=== Record set ===

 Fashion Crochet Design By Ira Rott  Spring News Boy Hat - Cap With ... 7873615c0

...

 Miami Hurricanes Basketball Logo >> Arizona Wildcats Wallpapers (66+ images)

==

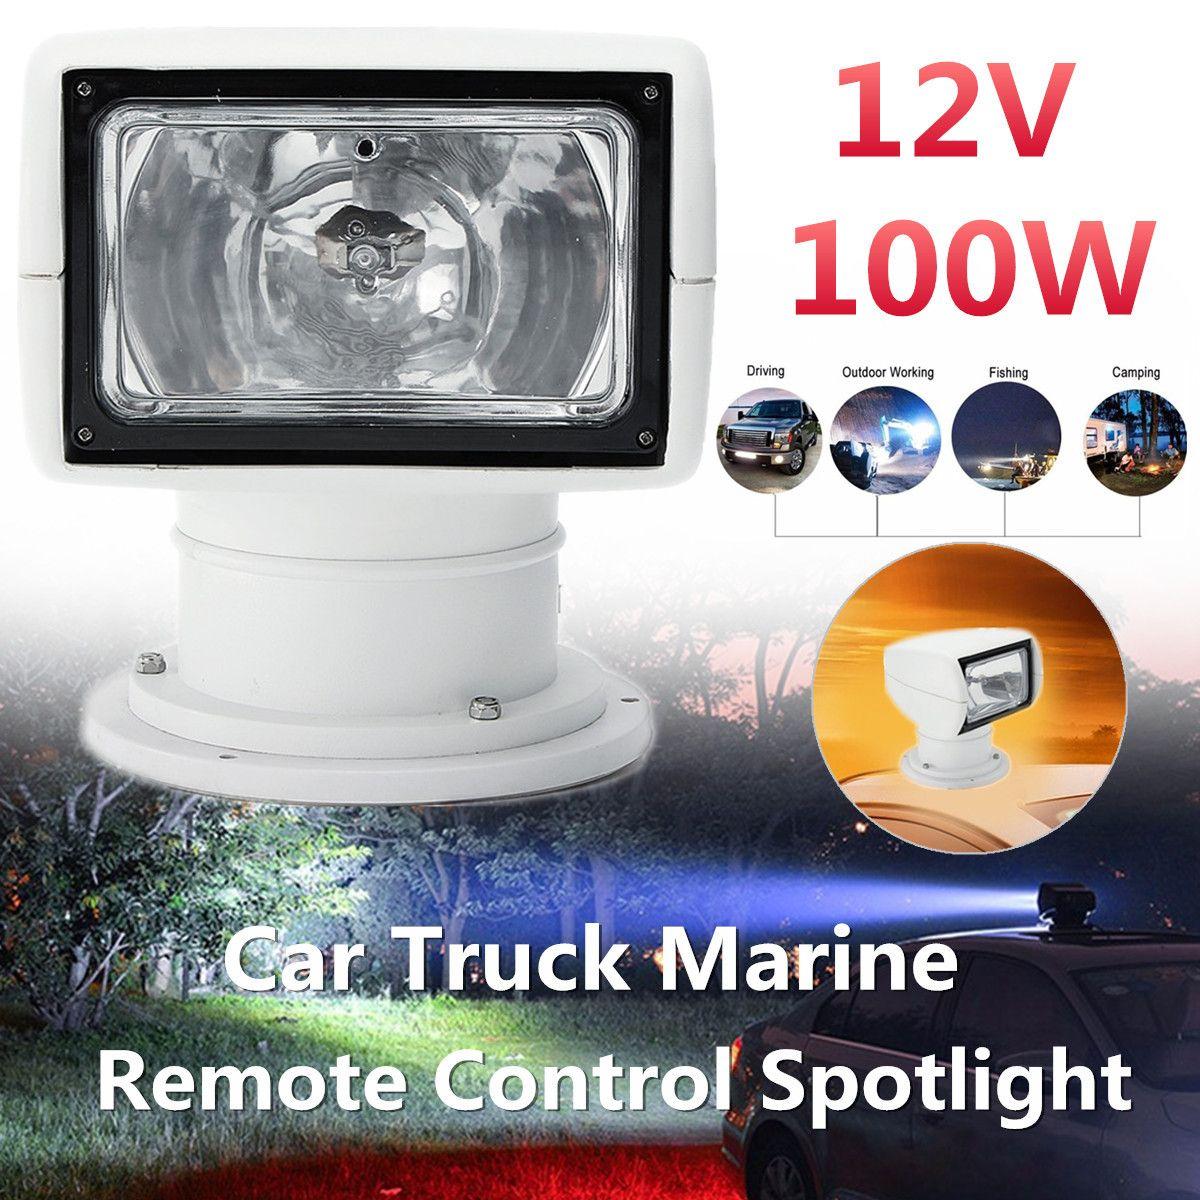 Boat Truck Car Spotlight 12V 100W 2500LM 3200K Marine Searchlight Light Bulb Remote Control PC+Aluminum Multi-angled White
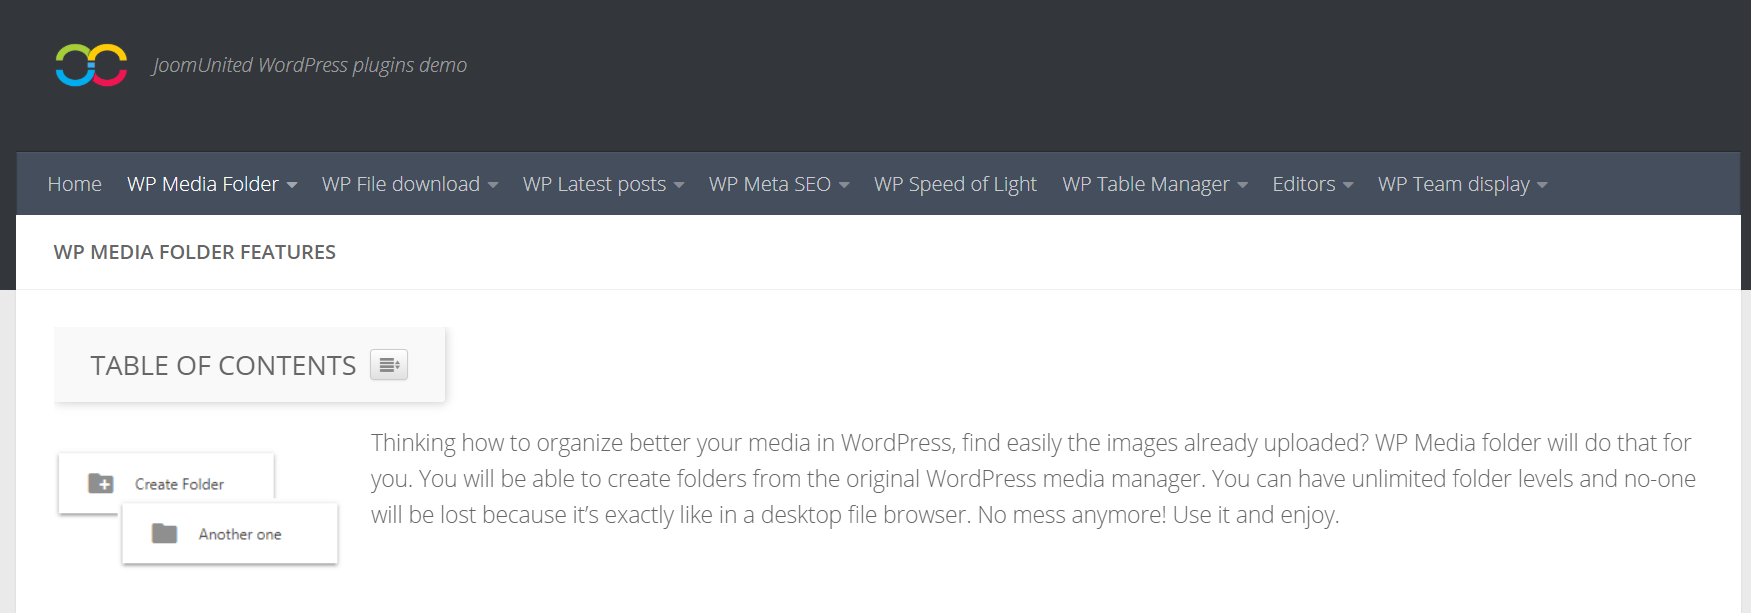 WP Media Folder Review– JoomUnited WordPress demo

=== Exercise prompt ===
Would you print exactly the lines in the listing above, from the line bearing "Boat Truck Car" through the line bearing "WP Media Folder", leaving out all pictures?

=== Solution ===
 Boat Truck Car Spotlight 12V 100W 2500LM 3200K Marine Searchlight Light Bulb Remote Control PC+Aluminum Multi-angled White
 WP Media Folder Review– JoomUnited WordPress demo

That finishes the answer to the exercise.